Worthy Book is a Malaysian coupon-book brand held by Worthy Media. It is based in Kuala Lumpur, Malaysia.

Worthy Book was released in September 2010 by Han Jia and Ken Kho. The voucher booklet offers discounts, perks on dining, entertainment, health, beauty services, and retail. Worthy Book is now serving a growing number of over 250 merchant brands in Malaysia. Some examples are Kenny Rogers, Guardian, The Body Shop, Zalora, SOTHYS, Sushi Tei, myTeksi and many more.

Its focus on corporate social responsibility from its initial stage has also received praise from non-governmental organizations such as National Kidney Foundation in Malaysia, SPCA Malaysia and AIESEC.

Since its incorporation, the story of Worthy Book has attracted media coverage such as BFM 89.9, the Sun (Malaysia), the Malay Mail, Bernama TV, The Star (Malaysia) and others.

History
Worthy Book was released by Han Jia and Ken Kho in September 2010. 
Han Jia is an Oxford University alumnus with a Masters of Engineering, Economics, and Management. Prior to the co-founding of Worthy Book, Han Jia had internships with various organizations such as Deloitte, Buro Happold, and Oxfordshire County Council.

Jia's achievement with Worthy Book won him a place in Prestige Top 40 under 40.

Alongside Han Jia is his brother and co-founder Ken Kho. Ken is a graduate from Imperial College London with a Masters in Engineering, Civil Engineering.

Ken served as Marketing & Communications Manager for 5 years at a leading Asia Pacific IT conglomerate, governing a re-seller network of over 400 across Malaysia, Thailand, Brunei, Singapore, and China before leaving his corporate job and founded Worthy Book with his brother Han Jia.

Office and team 
Worthy Book's office is located at 3rd Mile Square, Old Klang Road, Kuala Lumpur.

The team boasts a number of employees.

Nowadays, their coupon book can be found on the shelves of bookstores in Klang Valley such as Borders, Books Kinokuniya, MPH, Times Bookstore, Mynews.com and Popular. Worthy Book also distributes their voucher booklets via their online store, consumers can order the booklets, which will be delivered to them via Pos Laju.

In March 2015, Worthy Book partnered with 7-Eleven and started distributing their voucher booklets.

Business
Its business model is similar to that of magazines whereby merchants pay for advertisement and readers pay for subscription. 

The book is designed as a cross between a shopping directory guide, write-up reviews, and coupon offers. Each merchant brand is typically given a page of introductory description (price range, outlet addresses, editorial tips, “3 Must-Try” bestseller recommendations, and so on) along with a page of 4 or 5 offer coupons.

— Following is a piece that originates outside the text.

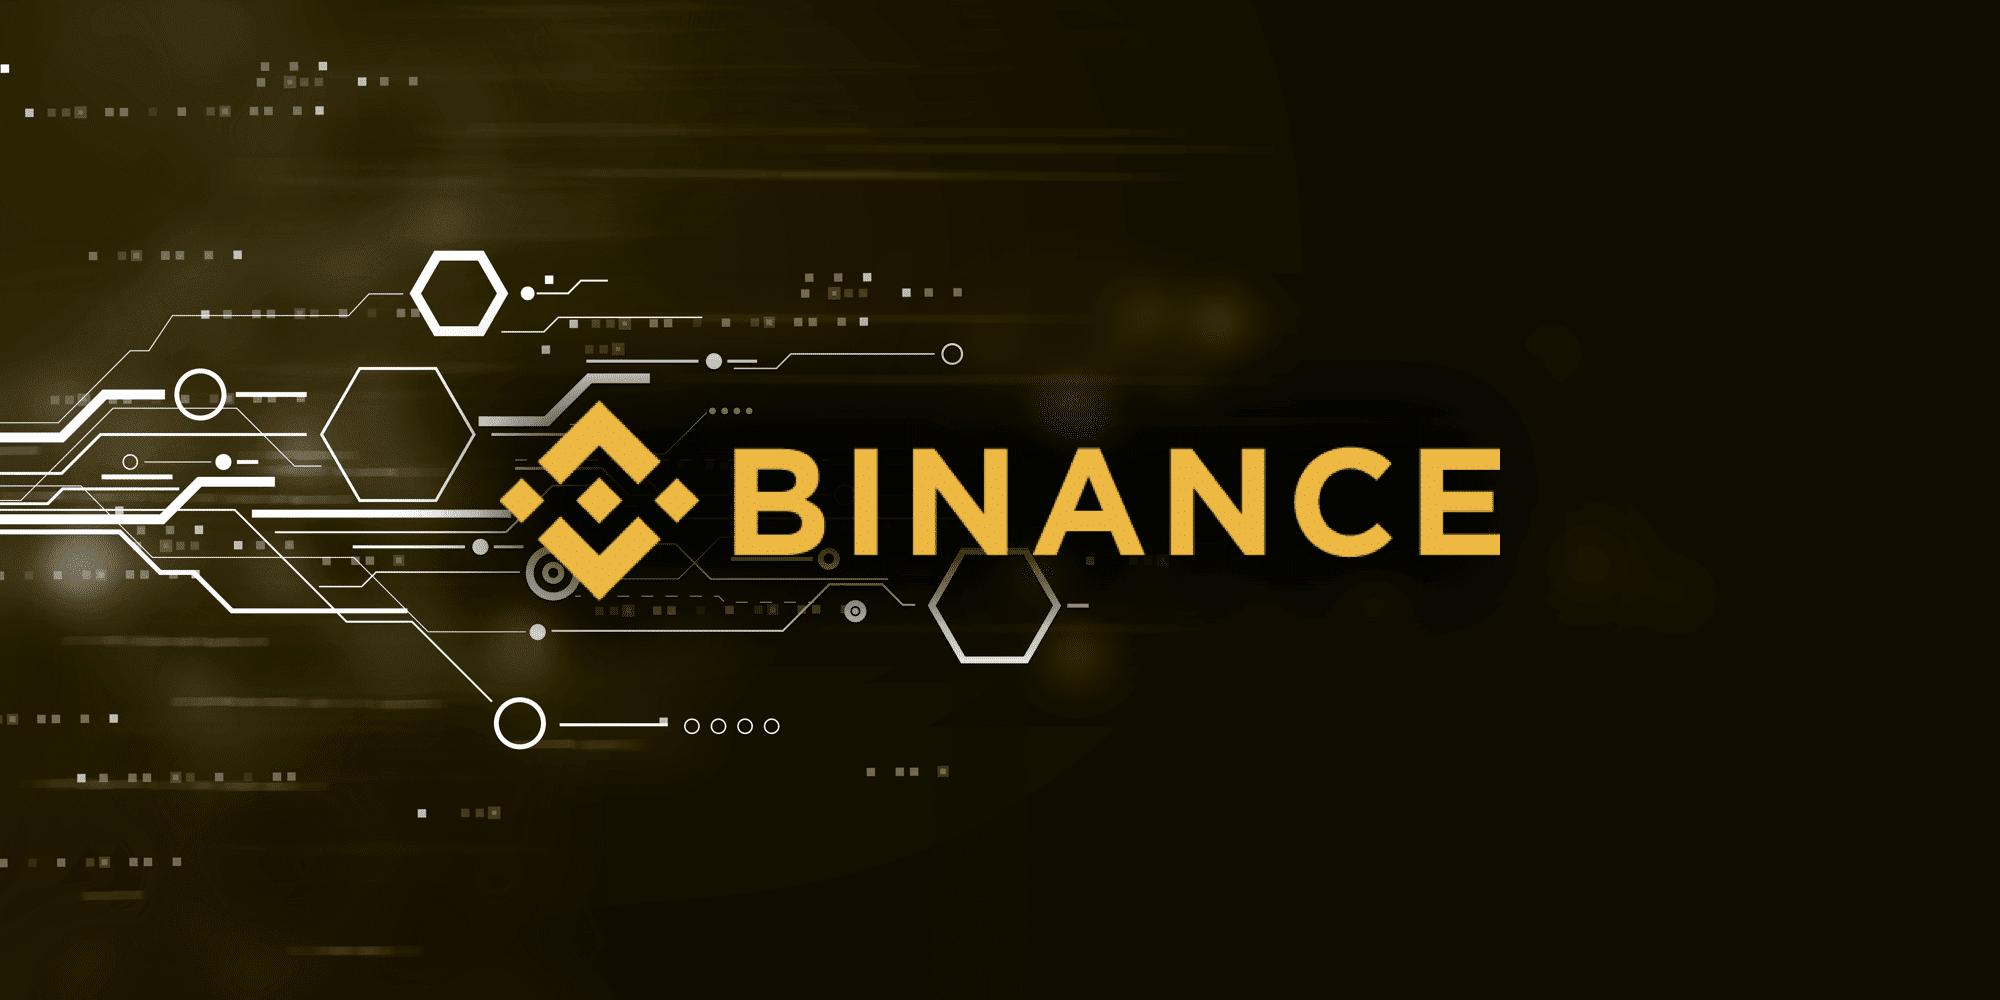 Binance empréstimos-criptomoedas-exchange-acusação-roubo
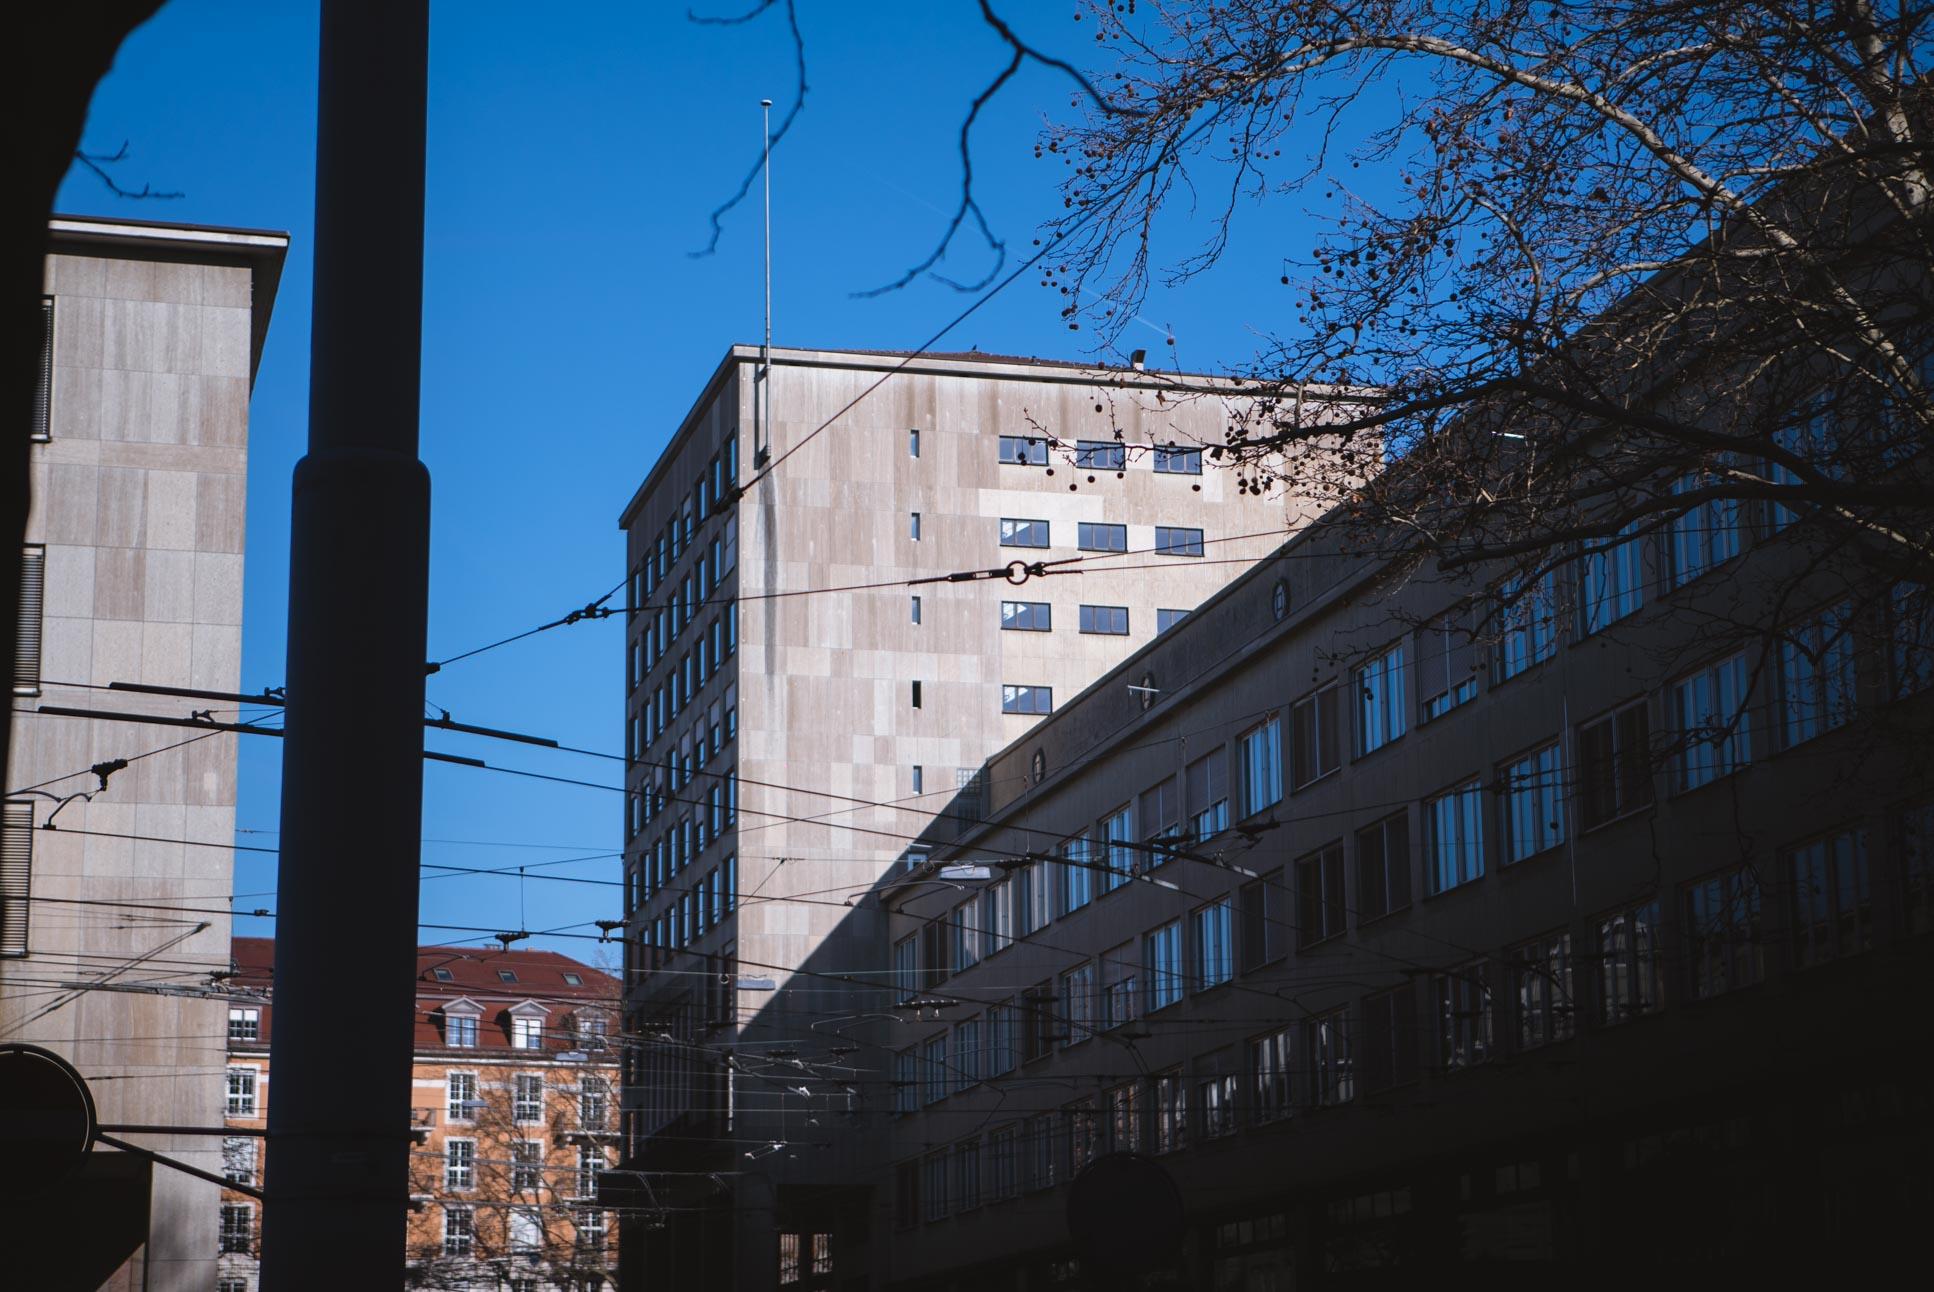 Photo by Pascal Sommer - Walchestrasse, Zürich

One of its key selling points to merchants is that unlike other print media, whose readers may only care to browse through the advertisements once, their readers see clients’ advertisements throughout the year in order to redeem the deals. Furthermore, their coupons are categorized according to malls for customers’ convenience.

In addition, Worthy Book allows for long-term marketing to garner supporters while online coupons bank on short-term marketing to gain a rise in sales. The coupons in Worthy Book are mostly valid for one year while online coupons will normally expire in three months.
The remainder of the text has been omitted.